For perspective, most energy drinks contain around 300 milligrams of caffeine, which is about 3% of the lethal dose.
However, the combination of the sudden assault of caffeing on your system that dry scooping provides, plus taking a pre-workout whose caffeine content is understated on the label and ingesting caffeine from other sources throughout the day can put you unintentionally, but dangerously close to a caffeine overdose.
This danger has less science behind the explanation and is more of a point of…well just common sense.
To put it plainly… it’s super difficult to swallow dry powder without water, people! Not only is it unpleasant, but it can lead to choking and trouble breathing if you inhale it while trying to get it down.
As you can imagine, having a fruity powder full of chemicals inhaled into your lungs isn’t good for them and can lead to pneumonia and even lung damage, especially if done continuously.
Make no mistake, this isn't a scare tactic. A quick Google search will show you several stories of people who have developed heart palpitations and even had a heart attack after dry scooping because they saw people doing it on Tiktok.
As mentioned, the amount of stimulants included in pre-workouts being introduced to the system too rapidly when it is dry scooped. This can cause a quickly rising blood pressure and a spiking heart rate which can be dangerous, especially if you have a pre-existing heart condition that you may not know about.

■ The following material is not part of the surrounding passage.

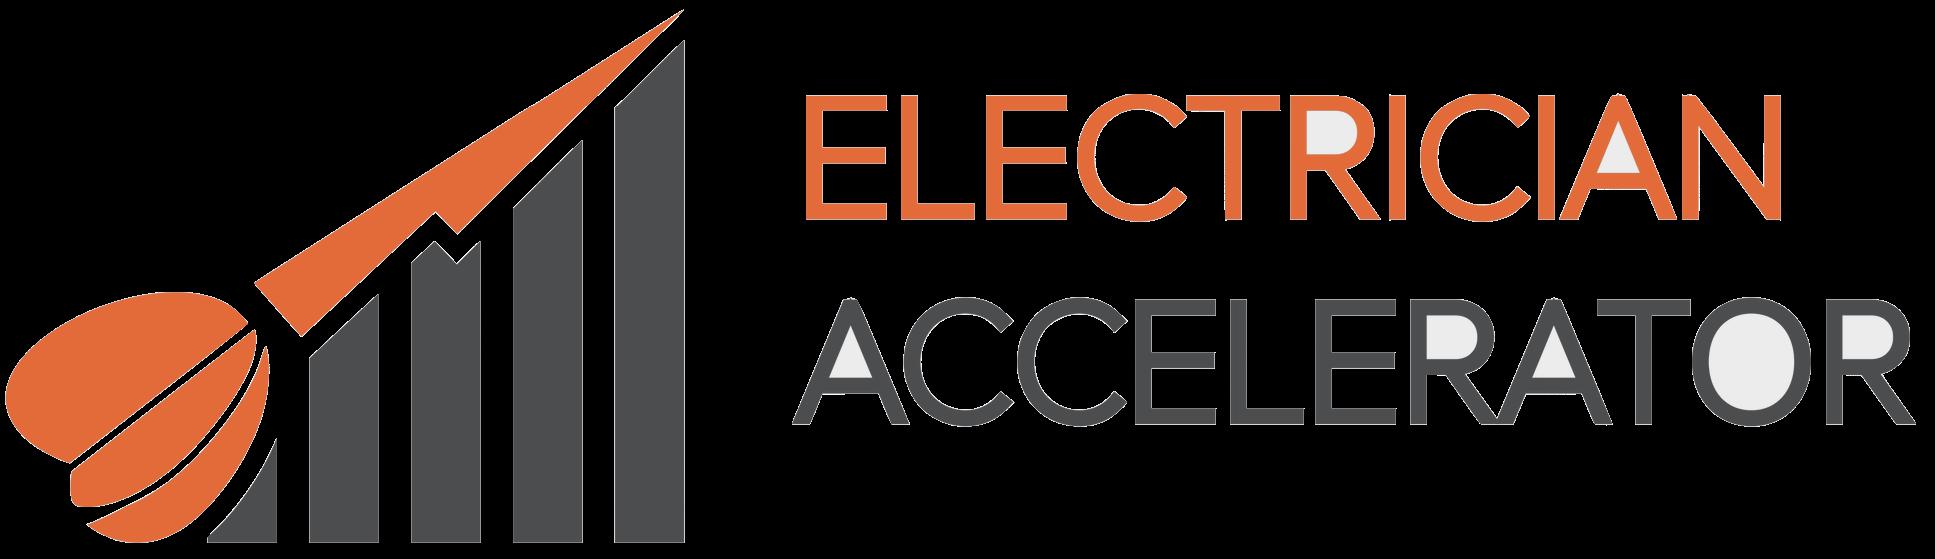 Electrician Accelerator (2)

Ingesting a huge amount of substances without diluting them, no matter how effective they may be at boosting your workout potential, can be harmful to your digestive health as well. That’s because the powder is meant to be diluted with water and your gut knows it.

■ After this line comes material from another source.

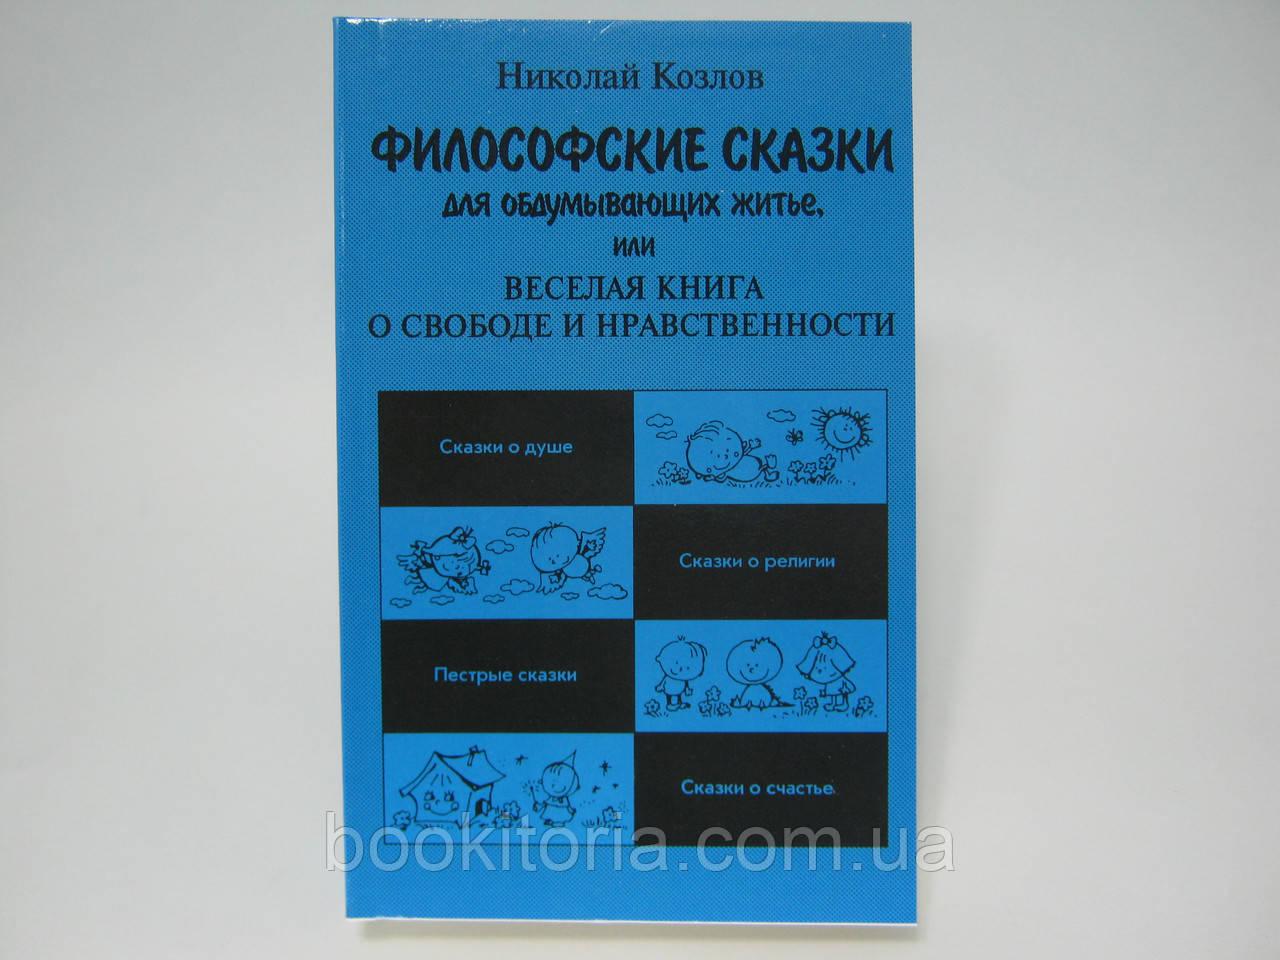 Козлов Н. Философские сказки для обдумывающих житье, или Веселая книга о свободе и нравственности.

In their raw, powdered state, all of these substances will make your gut try to dilute them on its own. It does this by pulling water from your body quickly and suddenly into your gut to restore equilibrium and make the powder easier to digest.
Unfortunately, this sudden fluid shift can cause severe stomach cramps, nausea, diarrhea and vomiting. Not exactly what you’re looking for your body to do in the middle of an intense workout.
The good news is, this can be avoided by just, you know, being kind to your intestines by mixing your pre-workout with some water first.
How to Safely Use Pre-Workout Supplements
The best thing you can do? MIX YOUR PRE-WORKOUT WITH HECKING WATER. END OF ARTICLE.
Just kidding, but seriously. The FDA recommends Americans limit their caffeine intake to 400 milligrams a day and many pre-workout powders contain more than this amount.
The danger is even greater when a high amount of caffeine is combined with other stimulants like beta-alanine, taurine, citrulline and whatever other unique “proprietary blend” of energy boosting compounds.
It’s also a good idea from a safety standpoint to choose a pre-workout that has been third-party tested from bodies like NSF for Sport and Informed Choices.
That doesn’t mean that it’s okay to dry scoop third-party tested pre-workouts either, but it does mean you know that the powder actually contains the amount of caffeine that it is labeled to contain. You also wanna watch how much caffeine you consume from other sources throughout the day too.
Before taking any dietary supplement, consult your healthcare provider to ensure you aren't unintentionally exposing yourself to any health risks.
The Bottom Line?
Sports dietitians are constantly fighting the battle of debunking the ridiculous diet and fitness claims and practices on social media. Most of them are dumb, but harmless. However, the dry scooping trend is downright dangerous.
Given all of the compounds contained in pre-workout supplements that have pronounced and sometimes dramatic effects on our bodies, it’s important to listen to the manufacturer, not social media influencers, to keep yourself safe.